I took a card out and gave it to her.
"If anything occurs to you, please let me know," I said.
"Sure," she said and went to her Shaker table and tucked the card under the blotter. Then she went to a short, narrow bookcase and took out a slim volume of computer printouts. There were several others left on the shelf.

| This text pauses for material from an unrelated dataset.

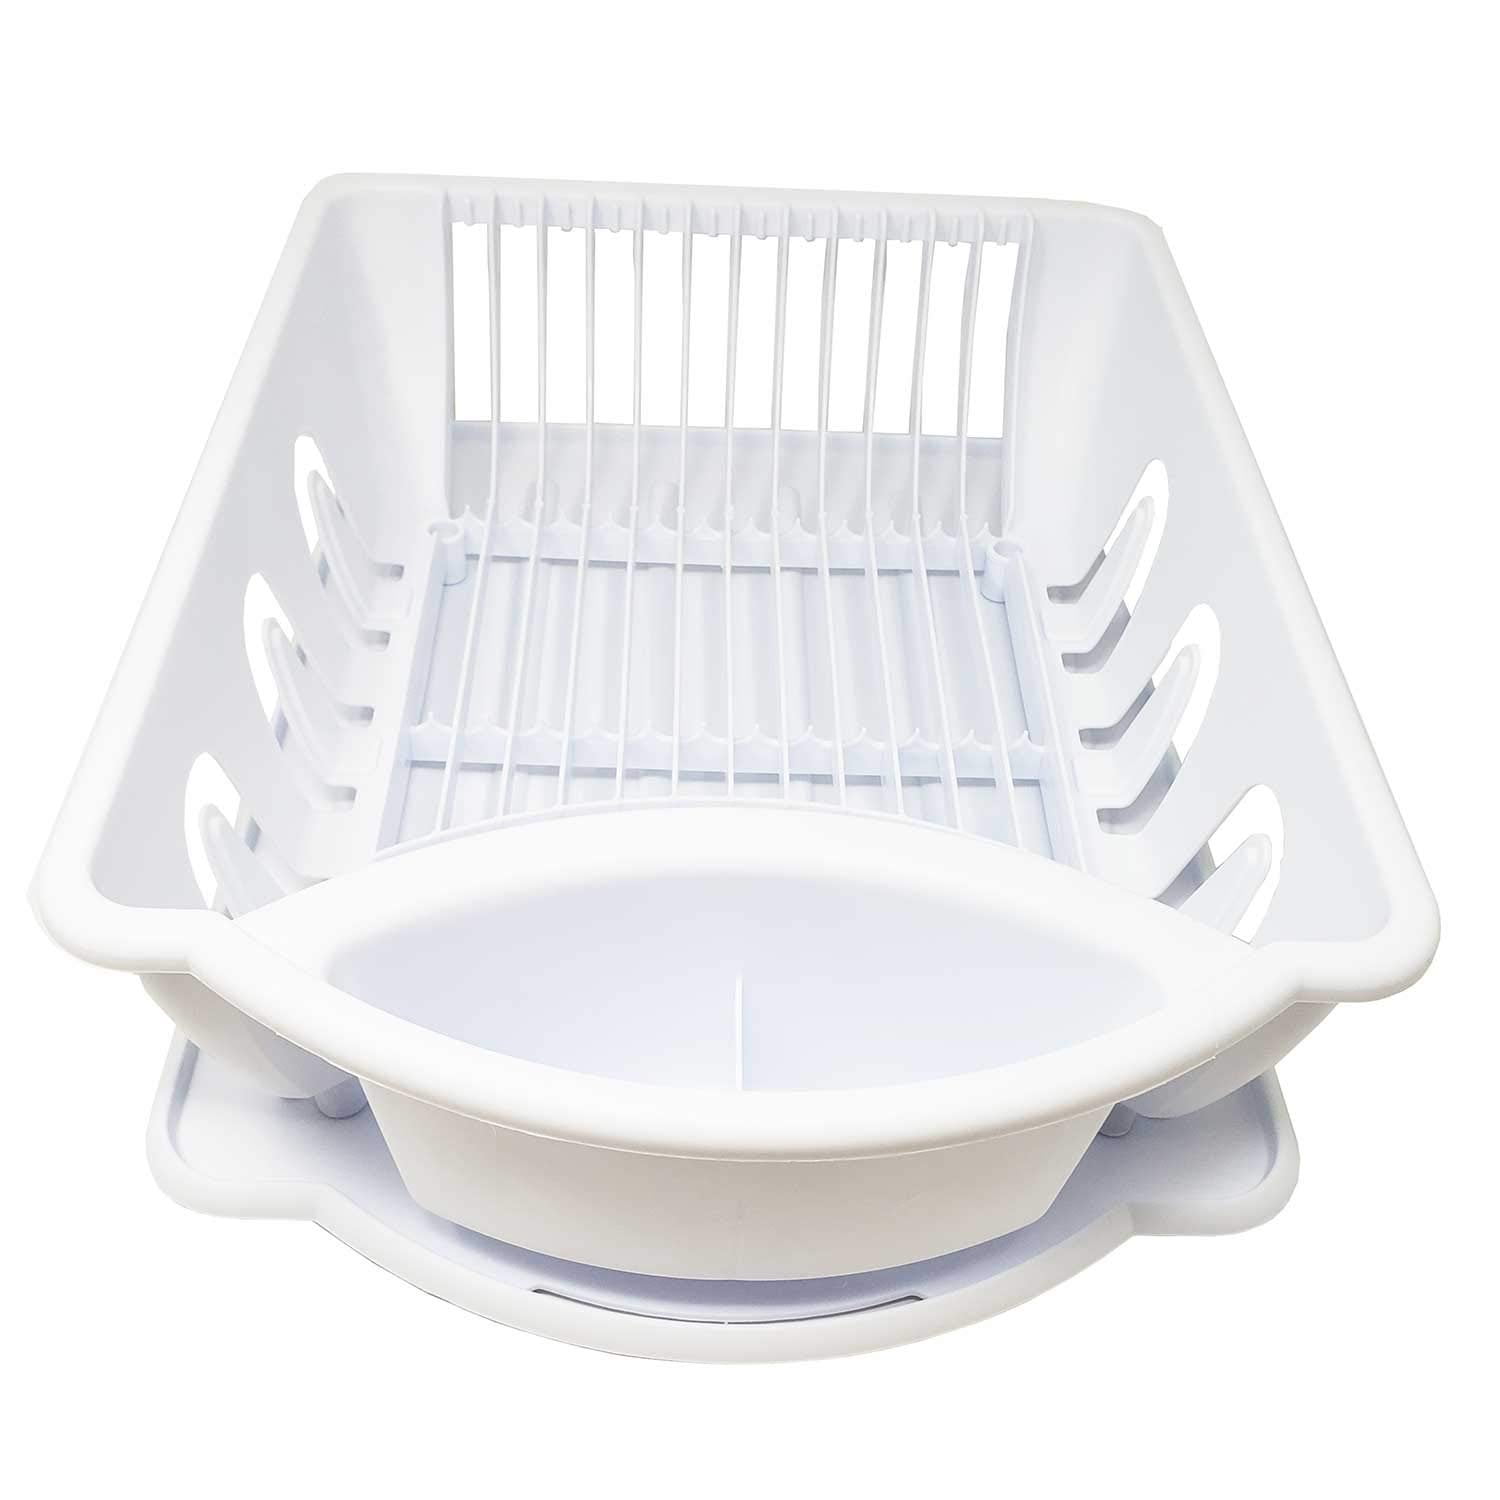 LavoHome Heavy Duty Sturdy Hard Plastic Sink Set with Dish Rack with Drainer & Drainboard,Easy to Clean with Snap Lock Tab Cup Holders for Home Kitchen Sink

"Take a copy of my poetry with you," she said. "I think you might enjoy it."
"Thank you," I said.
On the way back to Boston, I stopped in Kittery for a sandwich and a cup of coffee. While I ate, I read some of Sybil's poems, and when I departed, I left them in the trash can along with the empty coffee cup and the wrapper from the sandwich.
15
It was late, and I needed to think. I bought a bottle of Scotch at a New Hampshire liquor store on my way down from Maine, and a submarine sandwich in Saugus. I was carrying both when I left my car in the alley and went up to my office.
The back stairwell was ugly in the nasty brightness of the fluorescent lights, and so was the hall. The black lettered sign on my office door told the world that I was a private investigator, or at least the part of the world that walked along this hall. I stuck the bottle under my left arm and got out my keys and opened my door. There was a sweet chemical smell in my office. It wasn't very strong, but it was there. It was a smell I knew. Susan, getting ready to go out. Hairspray! I left the keys in the lock and stepped into my office sideways to keep from silhouetting myself in the open doorway. The Scotch remained under my left arm. The sub sandwich was in my left hand. My gun was out. Nothing moved. There was a little light spilling in from the hall and a little less light drifting up through my window from Berkeley Street.
As my pupils dilated, I could see someone sitting behind my desk. I had a vague sense of a presence on the wall to my right.
"On the left side of the kneehole under the desk," I said. "There's a switch, controls the overhead."
I narrowed my eyes against the light. Nothing happened. No one moved.